**** COLLECTED MATERIAL ****

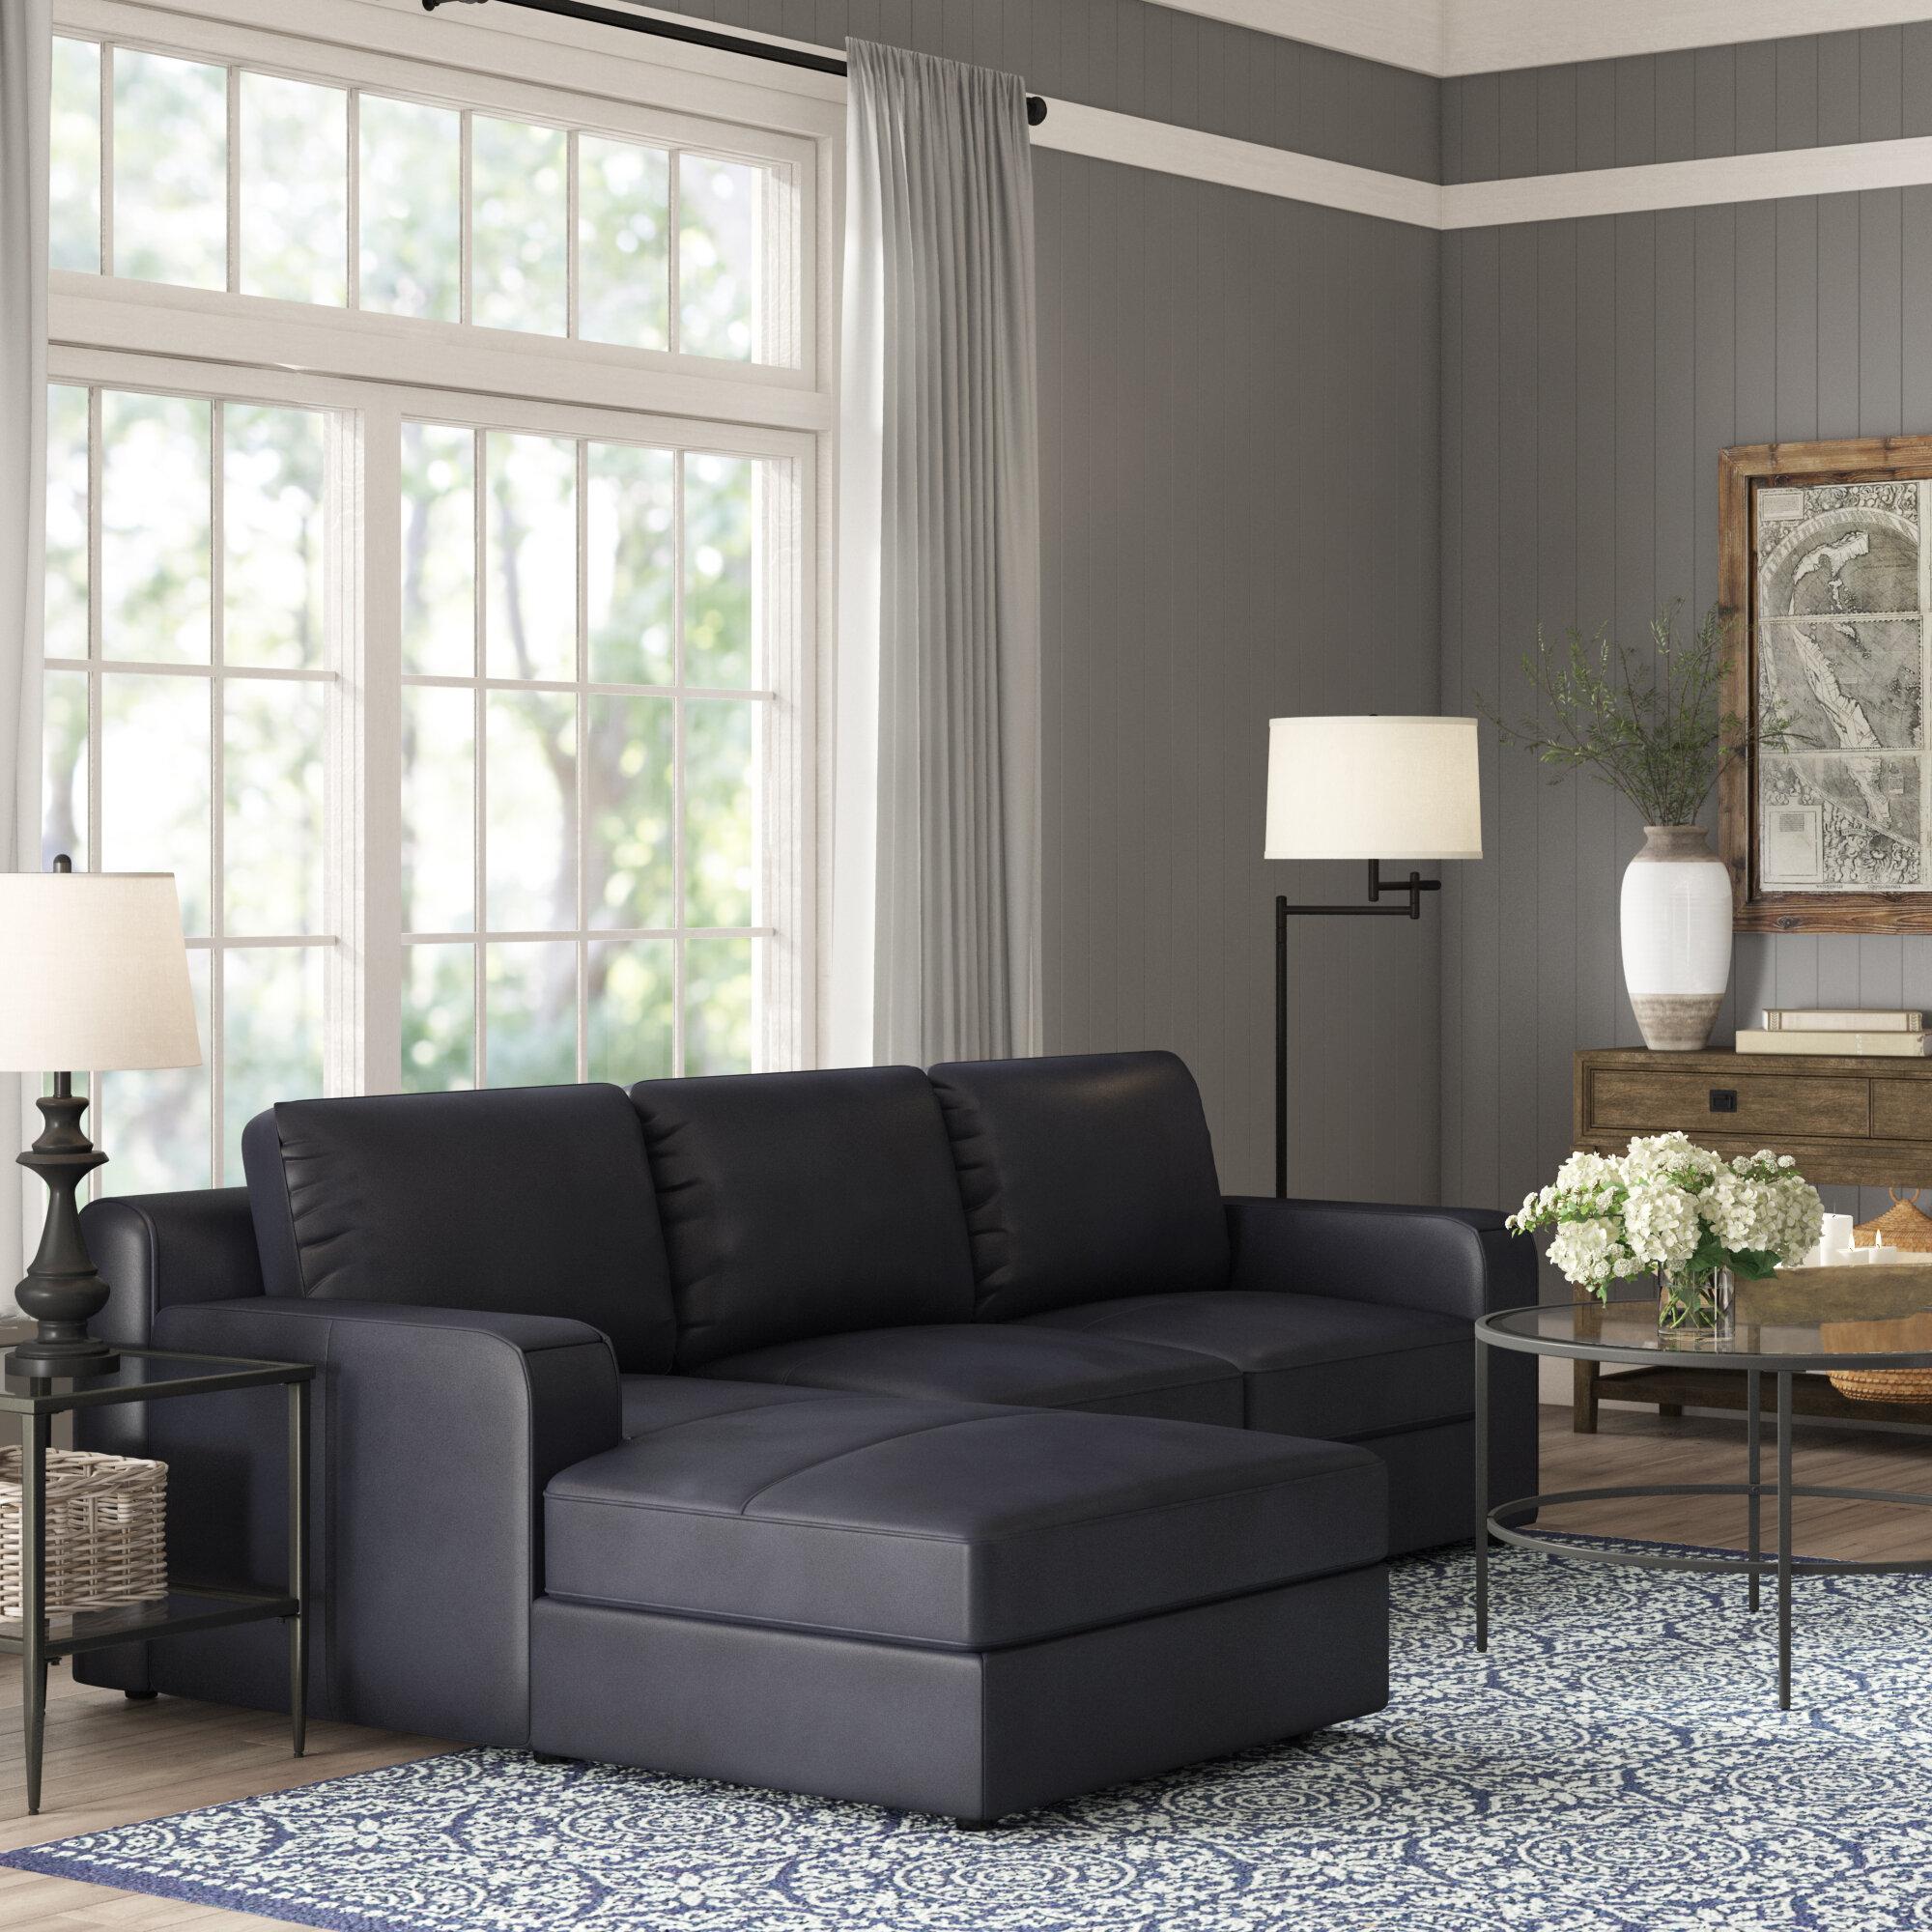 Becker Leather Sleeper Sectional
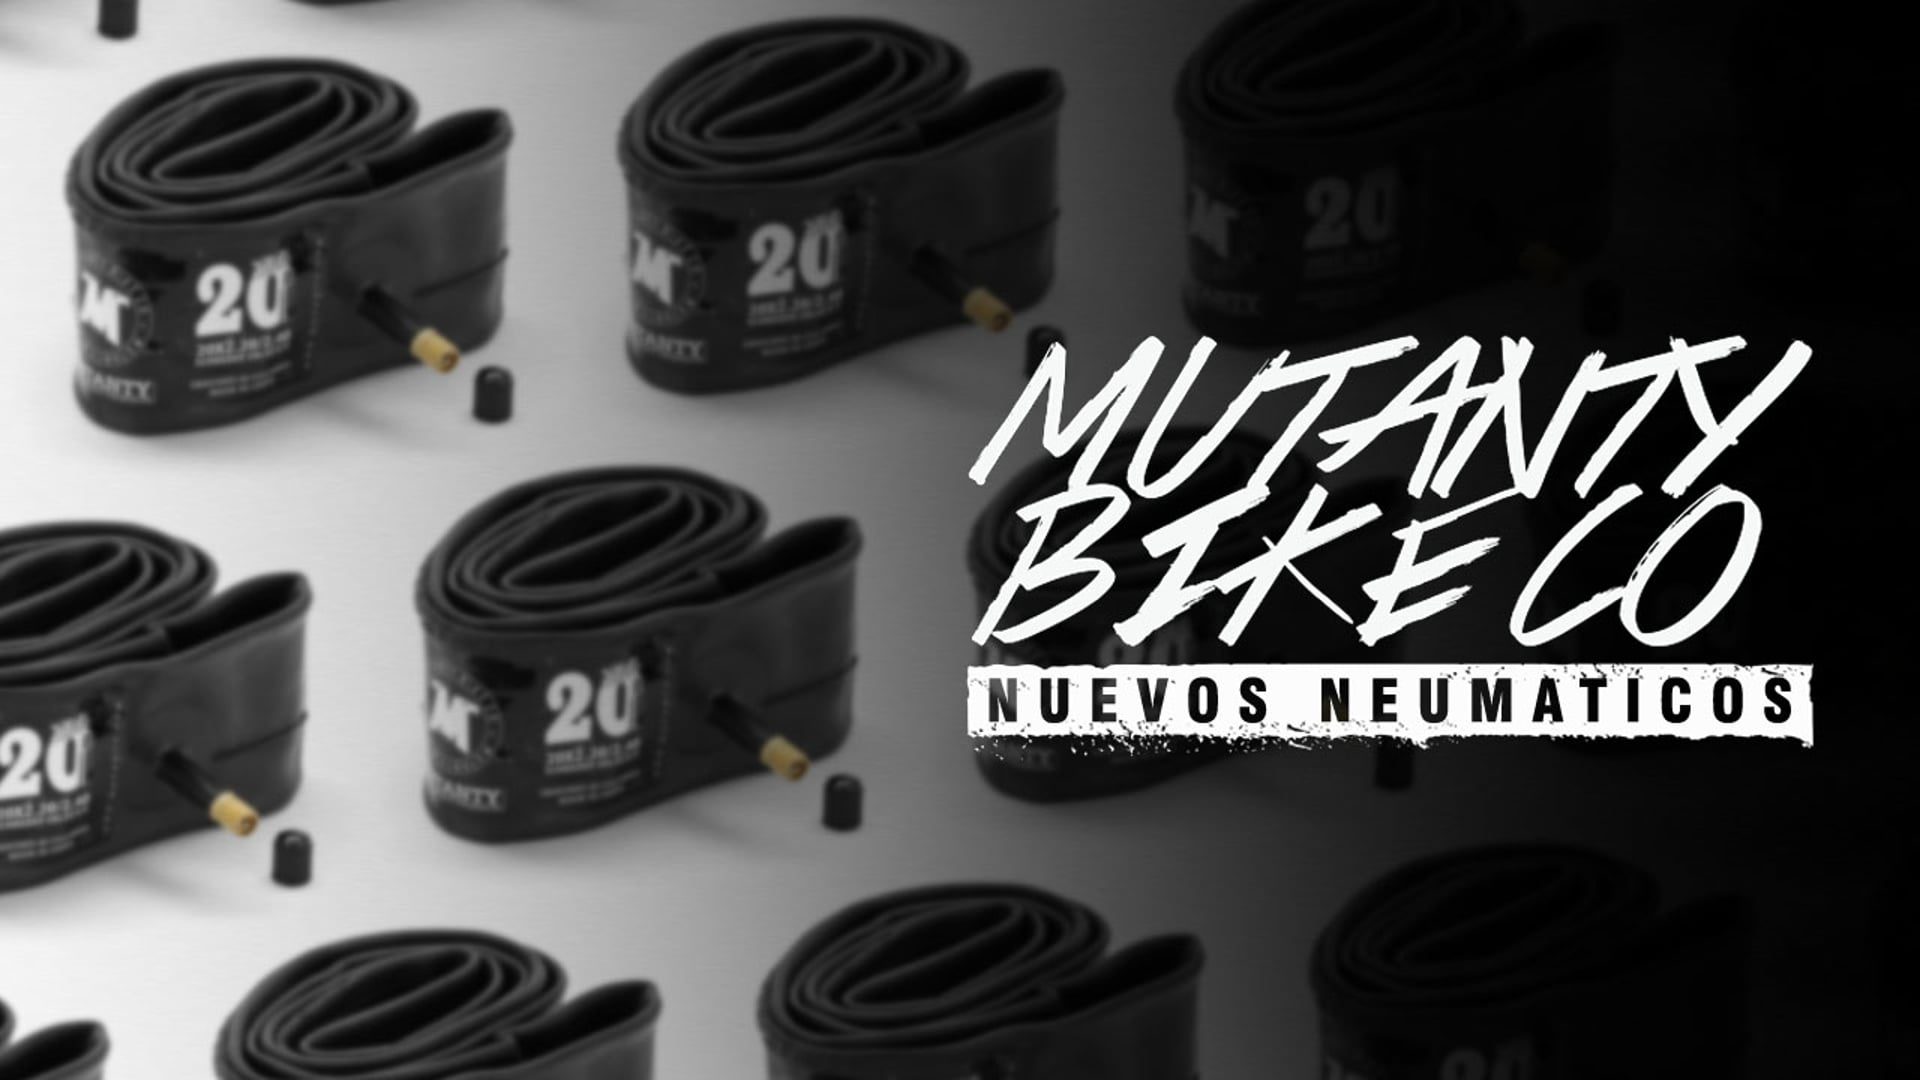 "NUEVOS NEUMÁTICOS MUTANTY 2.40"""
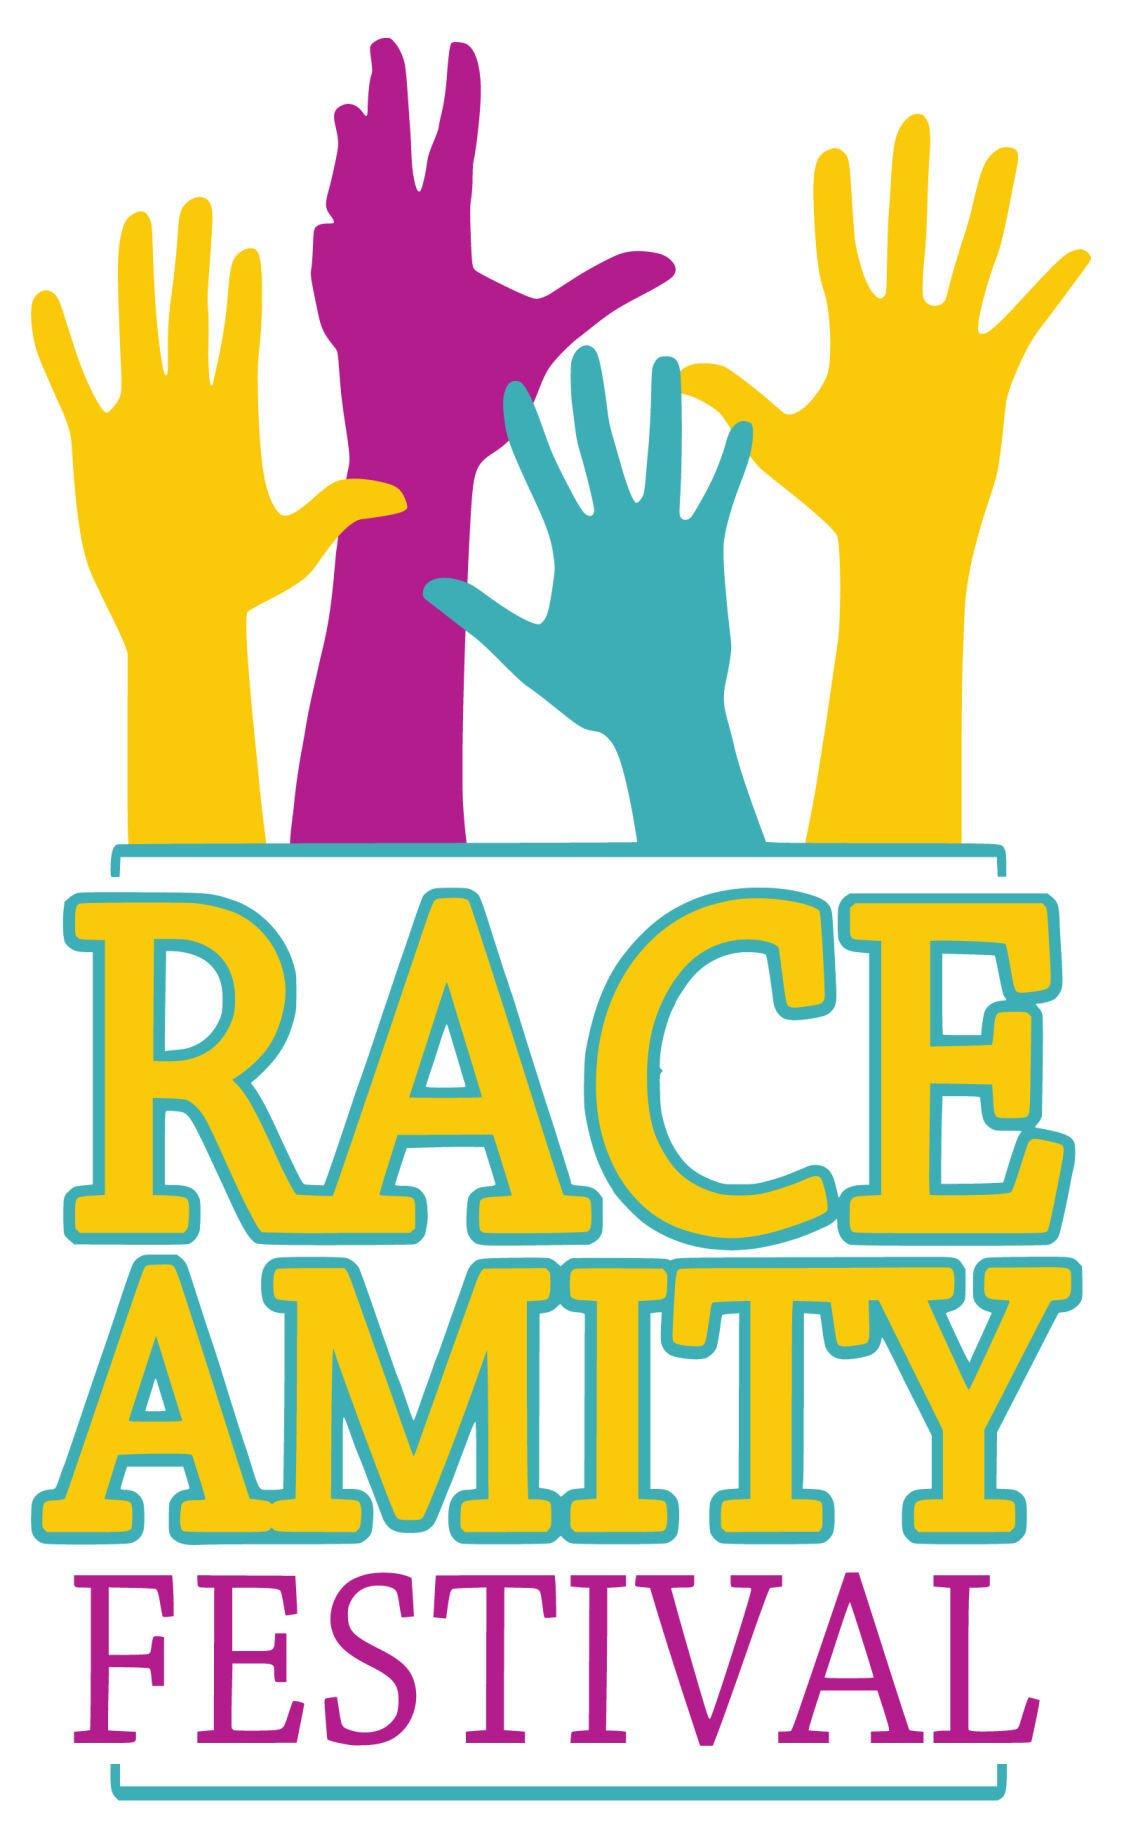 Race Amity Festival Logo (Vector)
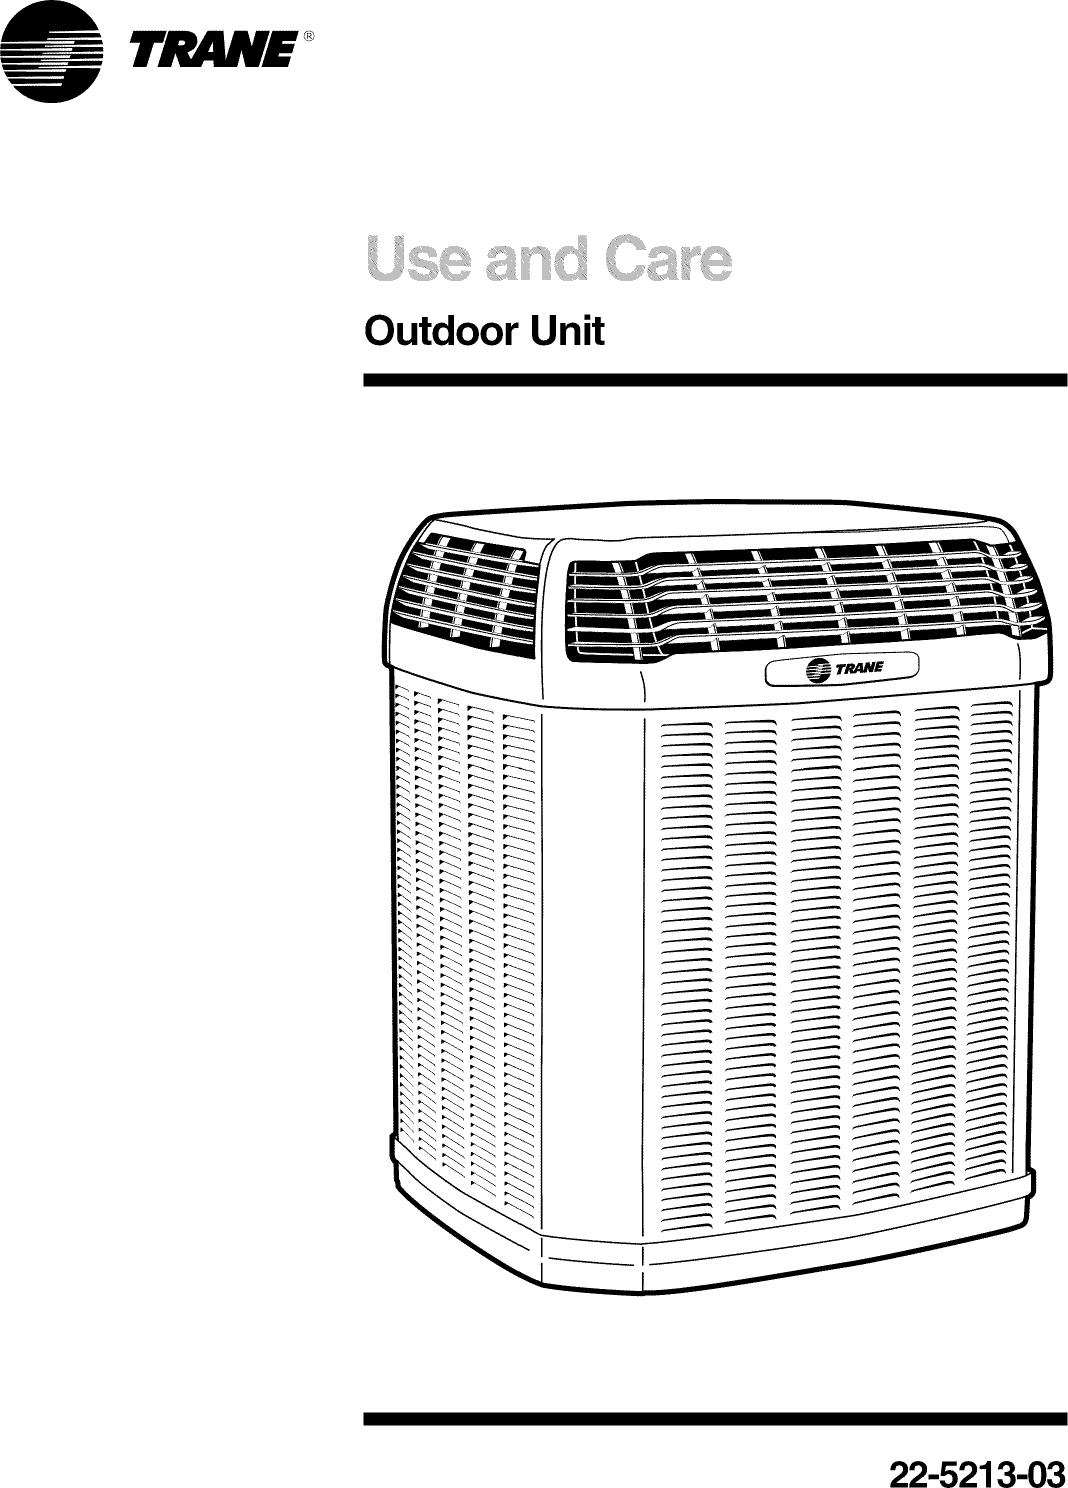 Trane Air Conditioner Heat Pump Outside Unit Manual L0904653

****

> _AIM OF THE TASK_: The line containing "Race Amity Festival Logo (Vector)" and each line after it through the end of the listing above are to be written out exactly, without the pictures.

> _ANSWER TO THIS PROBLEM_:
 Race Amity Festival Logo (Vector)
 Trane Air Conditioner Heat Pump Outside Unit Manual L0904653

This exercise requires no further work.